In this photo illustration, A man holds a Saltire flag outside the Scottish Parliament on May 6, 2009 in Edinburgh, Scotland. Today marks the 10th anniversary of the first Holyrood election polling day, before the Scottish Parliament gained full powers on July 1, 1999.
In this photo illustration, A man holds a Saltire flag outside the Scottish Parliament on May 6, 2009 in Edinburgh, Scotland. Today marks the 10th anniversary of the first Holyrood election polling day, before the Scottish Parliament gained full powers on July 1, 1999.

Holyrood should use its new financial powers to resurrect an unpopular tax system from the 1960s to substantially increase child benefit at a cut price cost, a think-tank has recommended.

The Scottish Parliament will soon be able to set its own rate of income tax and have the power to top up child benefit under the Scotland Bill.

A new paper for the Common Weal has recommended a 50% increase in child benefit – a measure which would lift thousands of children out of poverty but cost nearly half a billion pounds a year.

But making child benefit taxable under the new Scottish tax system would bring this down to £325 million, according to the report’s author Paul Spicker, former Grampian chair of public policy at the Robert Gordon University and now an emeritus professor at the university.

Mr Spicker told the Press Association: “It is important to make a distinction between what is taxed and what is taxable.

“If something is taxed you take money away from it, but if it is taxable then it is liable to be included in tax calculations.

“If the Scottish Government tops up child benefit by enough but counted the income as taxable, it wouldn’t leave anybody worse off because it wouldn’t take any money away, but it would be able to differentiate clearly between people on lower incomes and those on higher incomes who should not receive the benefit.

“The idea was actually tried in the 60s and called ‘clawback’ but it was very unpopular, because people thought it was just giving with one hand and taking with another.
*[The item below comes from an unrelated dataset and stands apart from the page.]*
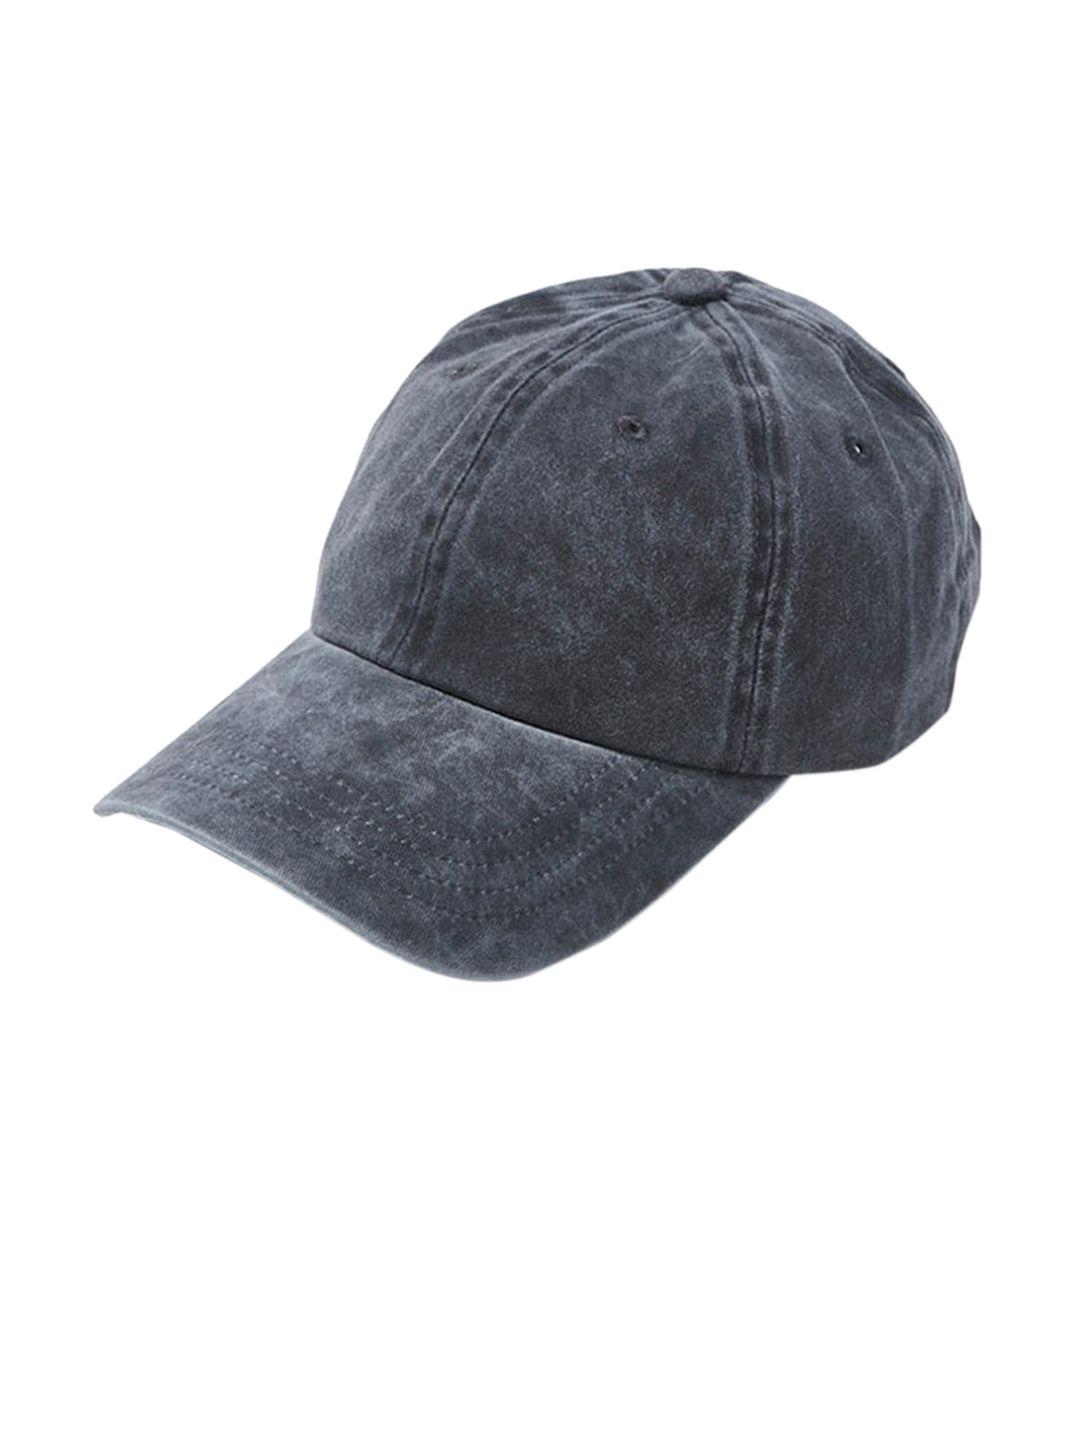 forever-21-men-charcoal-grey-stone-wash-baseball-cap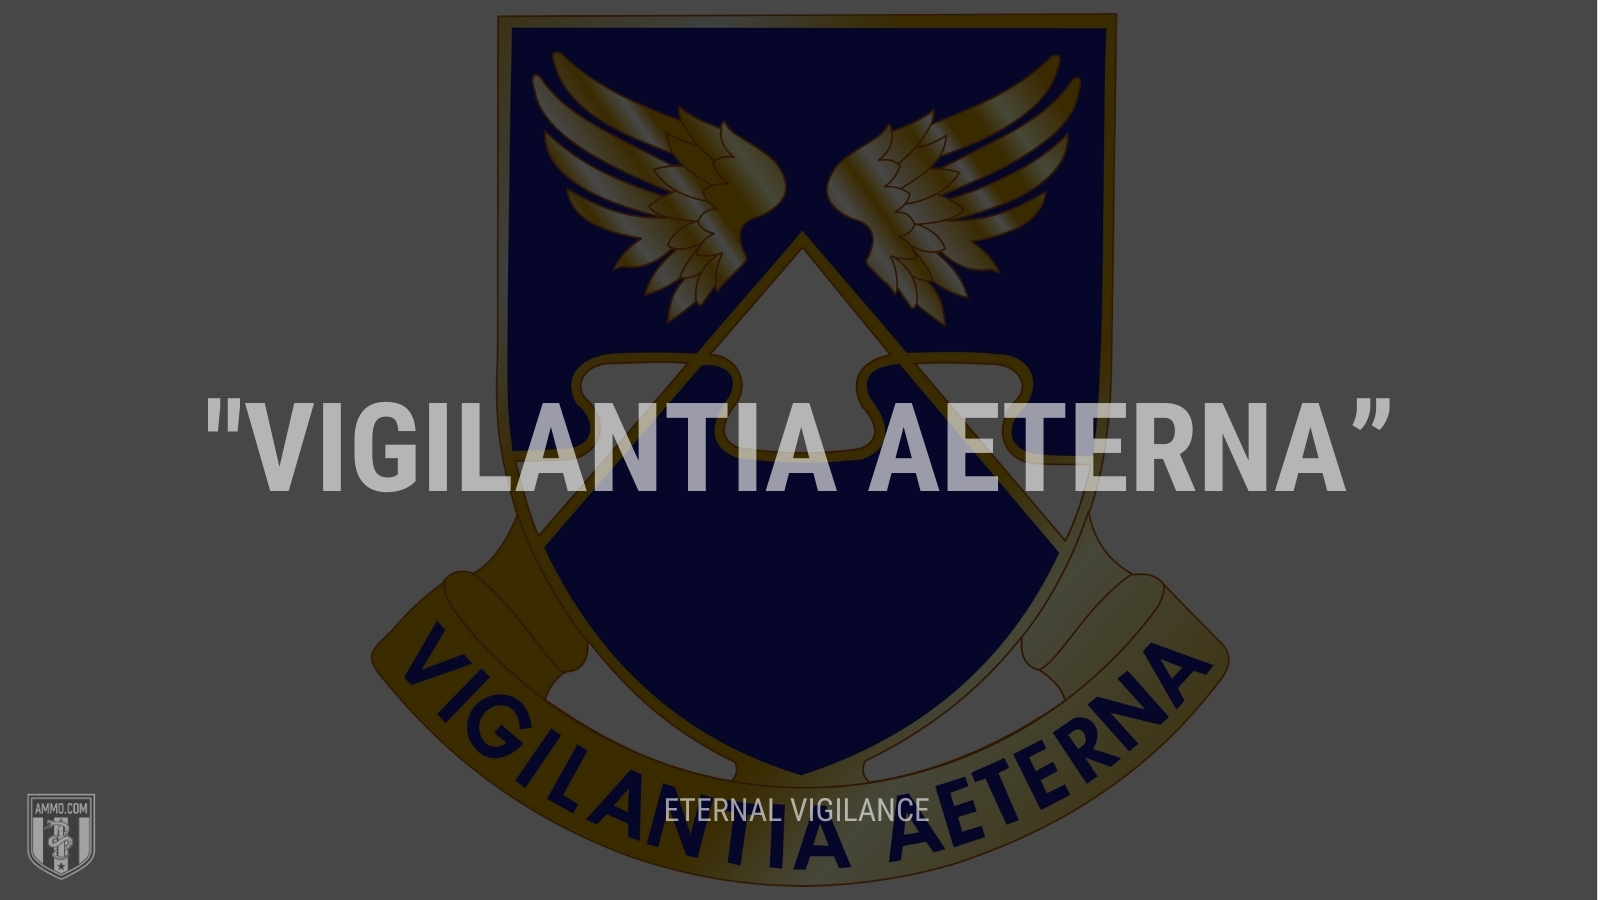 “Vigilantia aeterna” - Eternal vigilance

“But the great difficulty with targeting the benefits at poorer people is you end up with a different means-test for every benefit.

“If you use the tax system to take the money back instead, although it puzzles a lot of people it means you only get one test that we all go through – which is the tax system.”

The paper, entitled What Can The Scottish Parliament Do With New Social Security Powers, contains a range of options that Holyrood could consider once the new powers are devolved.

It states: “Making all child benefit taxable – that is, included in tax calculations when a person’s income is high enough – would mean that families with incomes above the tax threshold would gain less than families below it, and so that the benefits will be targeted more on lower incomes.

“The total cost of a 50% increase could be brought down from £465 million to nearer £325 million.”

Ben Wray, head of policy and research at Common Weal, said: “We should not be under any misapprehension – the powers set to be devolved in the Scotland Bill on social security do not give the Scottish Government the power to create a new social security system.

“The Scottish Parliament only has power to create new benefits or top-up some of the existing ones. The framework of the UK welfare system will still be controlled by the DWP.

“That doesn’t mean we should shy away from the progressive things that the Scottish Parliament can do with these powers.

“By topping up child benefit by 50%, and making it tax deductible, the poorest would gain most and the tax from the better off would make it affordable at just £325 million.

“One in five children in Scotland – over 200,000 – are in poverty and this top-up would reach every one of those children.”